PICO_FILE = "../inputs/indigenous-forest-privacy/pico-indigenous-forest-privacy.json"
PICO_FILE = "../inputs/urban-imagery-privacy/pico-urban-imagery-privacy.json"
PICO_FILE = "../inputs/wildfire-sentinel2-ml/pico-wildfire-sentinel2-ml.json"

---
# ‚öôÔ∏è SECTION 2: SETUP
---

In [2]:
# Install dependencies (uncomment if needed)
# !pip install nanopub rdflib

In [3]:
import json
import re
from rdflib import Graph, Dataset, Namespace, Literal, URIRef
from rdflib.namespace import RDF, RDFS, XSD, FOAF
from datetime import datetime, timezone
from pathlib import Path

# Namespaces (matching Nanodash)
NP = Namespace("http://www.nanopub.org/nschema#")
DCT = Namespace("http://purl.org/dc/terms/")
NT = Namespace("https://w3id.org/np/o/ntemplate/")
NPX = Namespace("http://purl.org/nanopub/x/")
PROV = Namespace("http://www.w3.org/ns/prov#")
ORCID = Namespace("https://orcid.org/")

# Cochrane PICO ontology
PICO = Namespace("http://data.cochrane.org/ontologies/pico/")

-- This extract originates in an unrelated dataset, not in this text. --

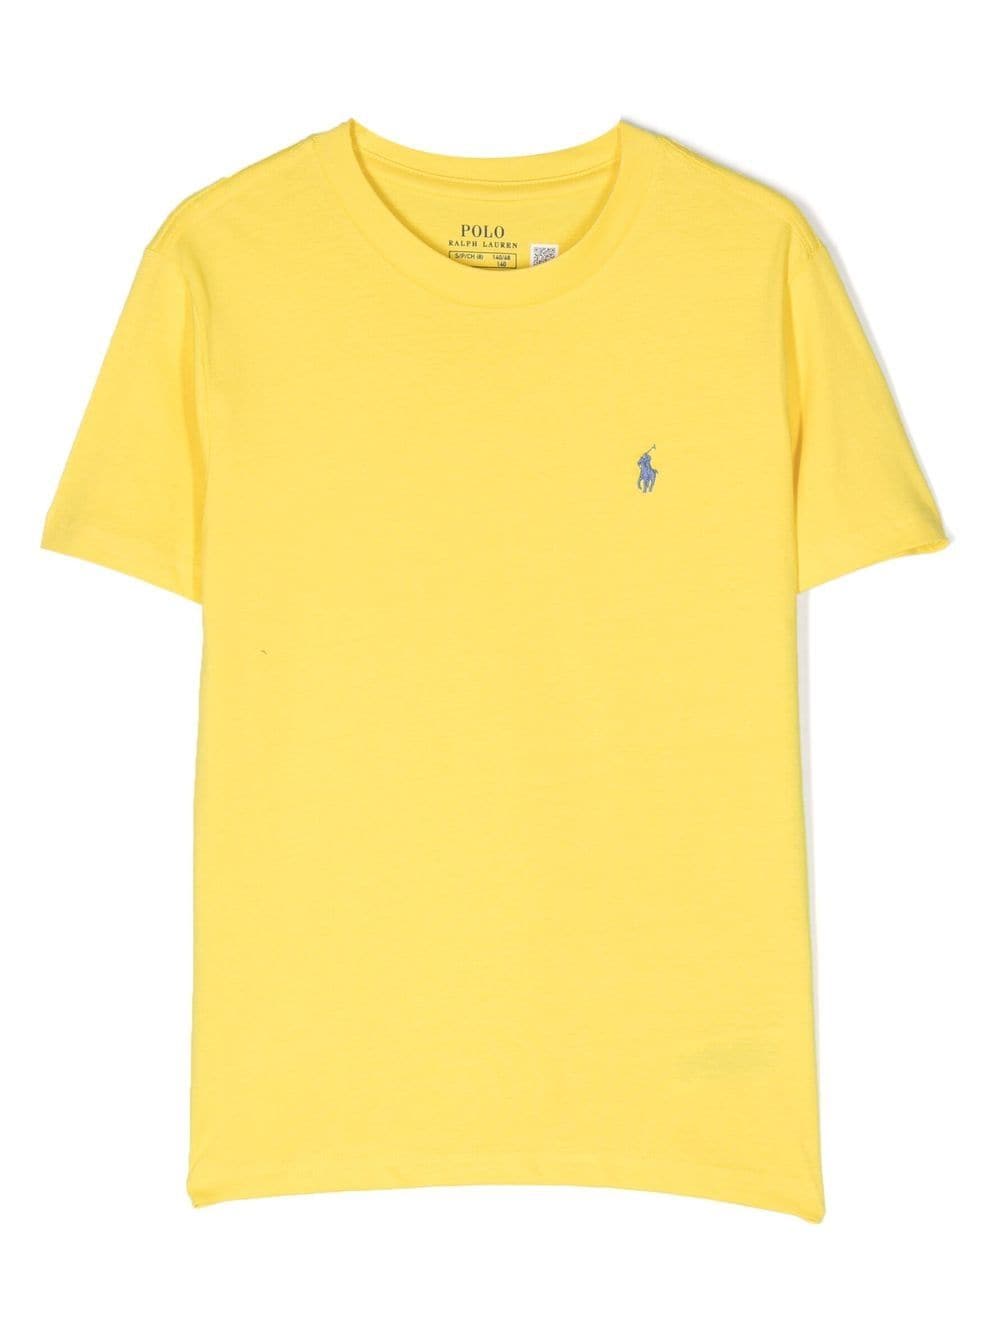 T-shirt gialla a maniche corte con stampa logo

# Science Live ontology for question types
SCIENCELIVE = Namespace("https://w3id.org/sciencelive/o/terms/")

# PICO template URIs (NEW TEMPLATE)
PICO_TEMPLATE = URIRef("https://w3id.org/np/RA5e5XeXy_-aNK5giB7kBAEQslTLVydHeM4YYEzhmEE2w")
PICO_TEMPLATE_NS = Namespace("https://w3id.org/np/RA5e5XeXy_-aNK5giB7kBAEQslTLVydHeM4YYEzhmEE2w/")

# Template references
PROV_TEMPLATE = URIRef("https://w3id.org/np/RA7lSq6MuK_TIC6JMSHvLtee3lpLoZDOqLJCLXevnrPoU")
PUBINFO_TEMPLATE_1 = URIRef("https://w3id.org/np/RA0J4vUn_dekg-U1kK3AOEt02p9mT2WO03uGxLDec1jLw")
PUBINFO_TEMPLATE_2 = URIRef("https://w3id.org/np/RAukAcWHRDlkqxk7H2XNSegc1WnHI569INvNr-xdptDGI")
PUBINFO_TEMPLATE_3 = URIRef("https://w3id.org/np/RAoTD7udB2KtUuOuAe74tJi1t3VzK0DyWS7rYVAq1GRvw")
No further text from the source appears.